Records for this exercise:
=-=-=

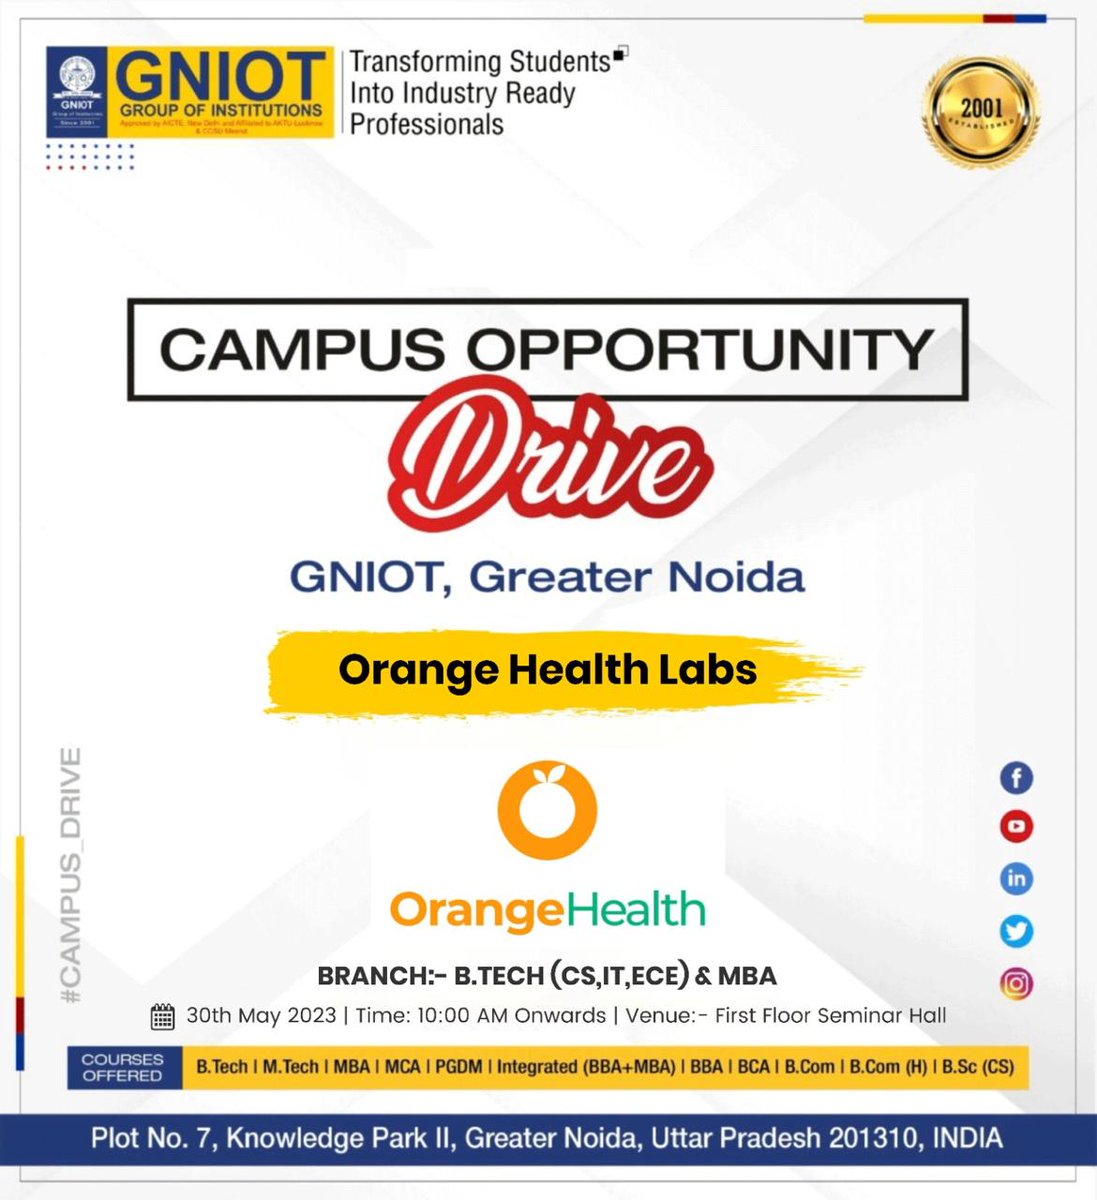 We are Organising Campus Drive for B. Tech & MBA Students.

Visit our Website: gniotgroup.edu.in
Toll Free No.: 18002746969 

#GNIOT #MBA #GreaterNoida #GreaterNoidaCollege #institute #CampusDrive #College #Placement #students
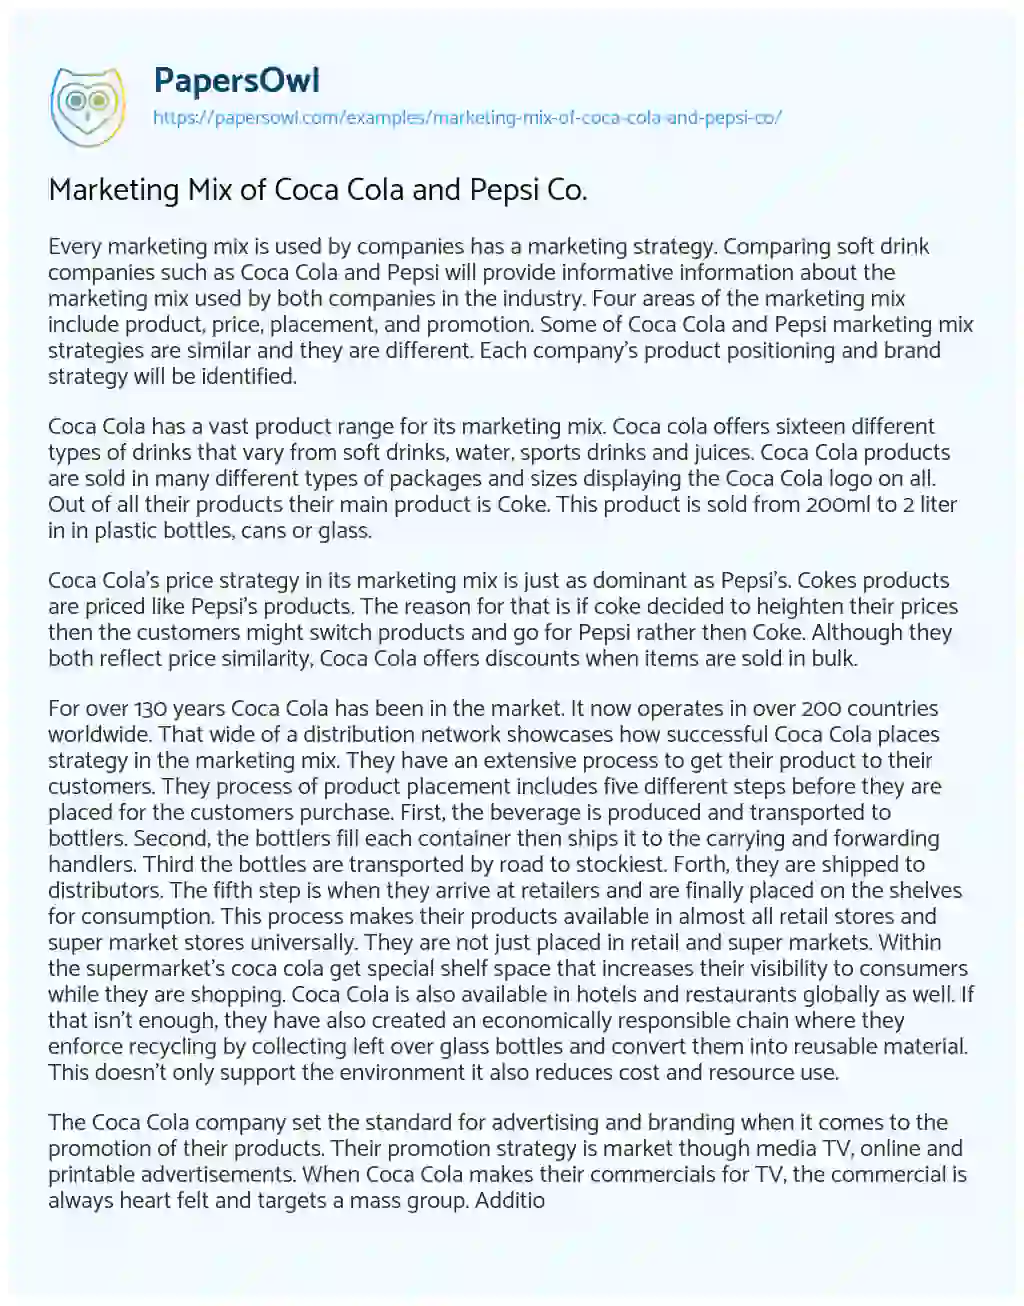 Essay on Marketing Mix of Coca Cola and Pepsi Co.

=-=-=

Goal of the exercise:
Please copy exactly the lines from the one that contains "Visit our Website: gniotgroup.edu.in" through the last line of the listing above, leaving out the pictures.

Response to this task:
Visit our Website: gniotgroup.edu.in
Toll Free No.: 18002746969 

#GNIOT #MBA #GreaterNoida #GreaterNoidaCollege #institute #CampusDrive #College #Placement #students
 Essay on Marketing Mix of Coca Cola and Pepsi Co.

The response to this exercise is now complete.